Figure  6 illustrates the docking conformations of three molecules and lapatinib binding to EGFR and HER2. Structurally, Molecule 1 exhibits a conformation similar to lapatinib, with a docking score of −7.74 against EGFR. The docking poses indicate that Molecules 1, 2, and 3 can effectively bind into the active site of EGFR, stabilizing through multiple hydrogen bonds and hydrophobic interactions. Notably, the hydroxyl group of Molecule 1 forms a strong hydrogen bond with the critical amino acid ASP863 in EGFR, which may help to significantly enhance binding affinity.

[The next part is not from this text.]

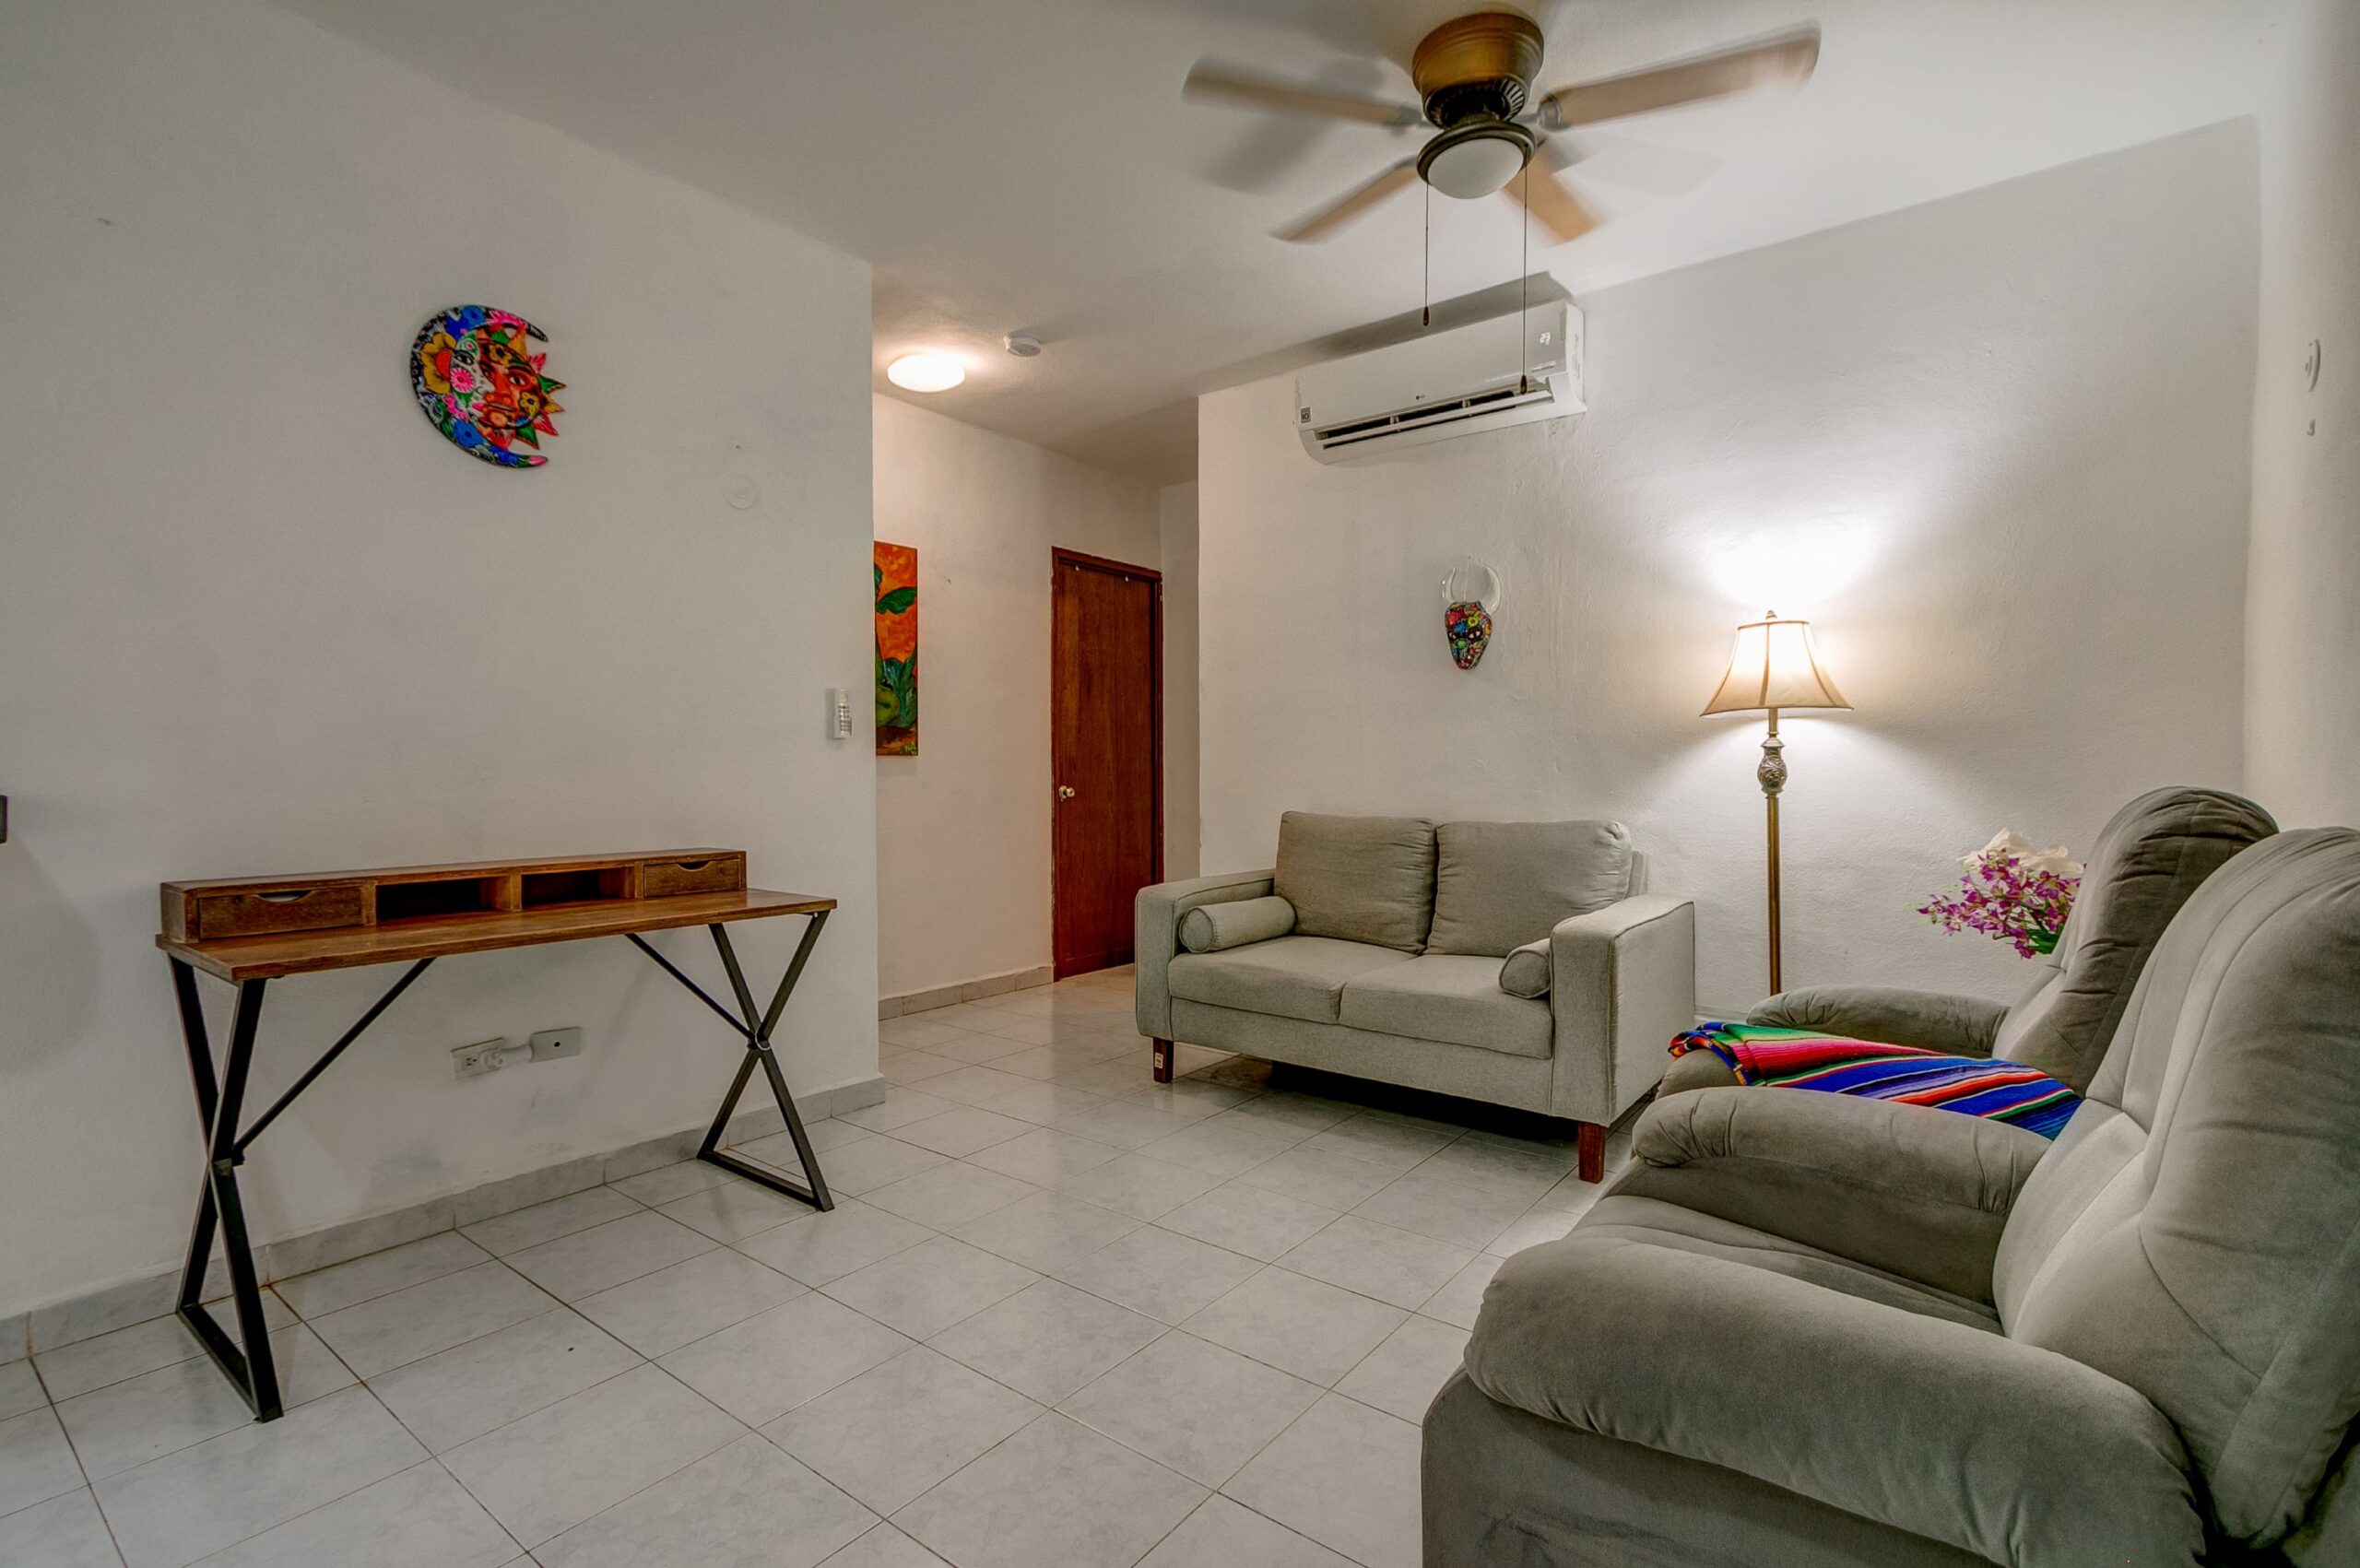 b apartment for sale in playacar gaviotas living room

Molecule 1 also demonstrates a lower docking score of −11.12 against HER2, suggesting that it may exhibit a relatively high binding affinity for HER2. Docking simulations reveal that the aromatic ring structure of Molecule 1 interacts with the hydrophobic pocket of HER2, while its amino group forms a stable hydrogen bond with the key residue MET801. This flexible structure allows it to adapt to the active sites of both targets. Molecules 2 and 3 also form effective hydrophobic interactions and hydrogen bonds with both targets through their aromatic rings and polar groups, showcasing excellent multi‐target binding capabilities. By analyzing the structural characteristics of high‐affinity dual‐target molecules, we found that these molecules typically possess good molecular flexibility and multifunctional groups, enabling them to meet the binding requirements of different targets. These findings provide important guiding principles for the design of multi‐target drugs.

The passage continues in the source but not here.